Dataset A consisted of 2986 patients (1793/2986 men, 60%) with a mean age of 65.80 ± 11.28 years (range, 47–85), and dataset B comprised 3951 patients (2223/3951 men, 56.26%) with a mean age of 63.07 ± 10.78 years (range, 45–81). The training, validation, and internal test samples of datasets A and B included 2385, 301, and 300 images and 3157, 397, and 397 images, respectively. The median volumes of ischemic lesions were 3.95 mL (2.61–17.44), 3.41 mL (2.43–15.04), and 2.64 mL (2.19–4.68) for the training, validation, and test sets of dataset A. The median volumes of ischemic lesions were 3.27 mL (2.63–6.94), 3.21 mL (2.58–6.25), 3.18 mL (2.55–6.42) for the training, validation, and test sets of dataset B. The median time interval between the onset of symptoms and imaging was 6.5 h (interquartile range, IQR, 4.5–8) and 7 h (IQR, 6–8) in datasets A and B, respectively. Detailed information on the study sample is provided in Table 1.

Table 1 The detailed characteristics of the study sample.

Full size table

The median Dice scores of model A were 0.866 (IQR, 0.774–0.918), 0.835 (IQR, 0.702–0.899), and 0.858 (IQR, 0.752–0.909) in the training, validation, and internal test tests, respectively. The model A predicted lesions volumes 4.92 mL (2.76–18.4), 4.71 mL (2.55–15.52), and 3.24 mL (2.09–6.20) for the respective parts. The Spearman correlation test revealed high positive correlations between manually measured and predicted volumes for the training, validation, and internal test sets (r = 0.89, r = 0.84, r = 0.73, P < 0.0001 for all).

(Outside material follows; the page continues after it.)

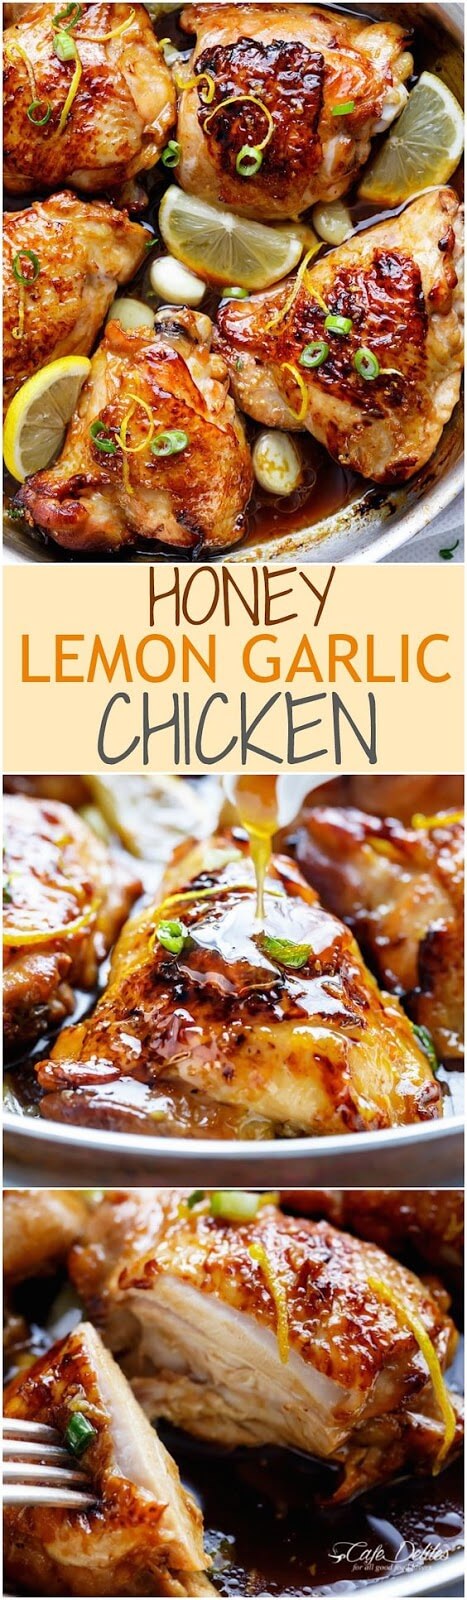 Honey Lemon Garlic Chicken

The median Dice scores of model B were 0.896 (IQR, 0.813–0.940), 0.865 (IQR, 0.745–0.923), and 0.857 (IQR, 0.723–0.921) in the training, validation, and internal test tests, respectively. The model B predicted lesions volumes as 3.86 mL (2.73–8.52), 3.74 mL (2.72–7.89), and 3.93 mL (2.68–8.79) for the respective parts. The Spearman correlation test revealed moderate to high positive correlations between manually measured and predicted volumes for the training, validation, and internal test sets (r = 0.77, r = 0.67, r = 0.68, and P < 0.0001 for all).

Model A yielded a median Dice score of 0.734 (IQR, 0.56–0.843) in the external test consisting of images from dataset B. There was a significant difference between model A’s performance on the internal and external test sets in Dice scores (0.866 vs. 0.734, respectively, P < 0.0001). Model A predicted lesion volumes as 2.15 mL (1.48–4.15) in the external test set, and the Spearman correlation test revealed a moderate positive correlation between manually measured and predicted volumes (r = 0.58, P < 0.0001). Further detailed metrics regarding model B performance are given in Table 2.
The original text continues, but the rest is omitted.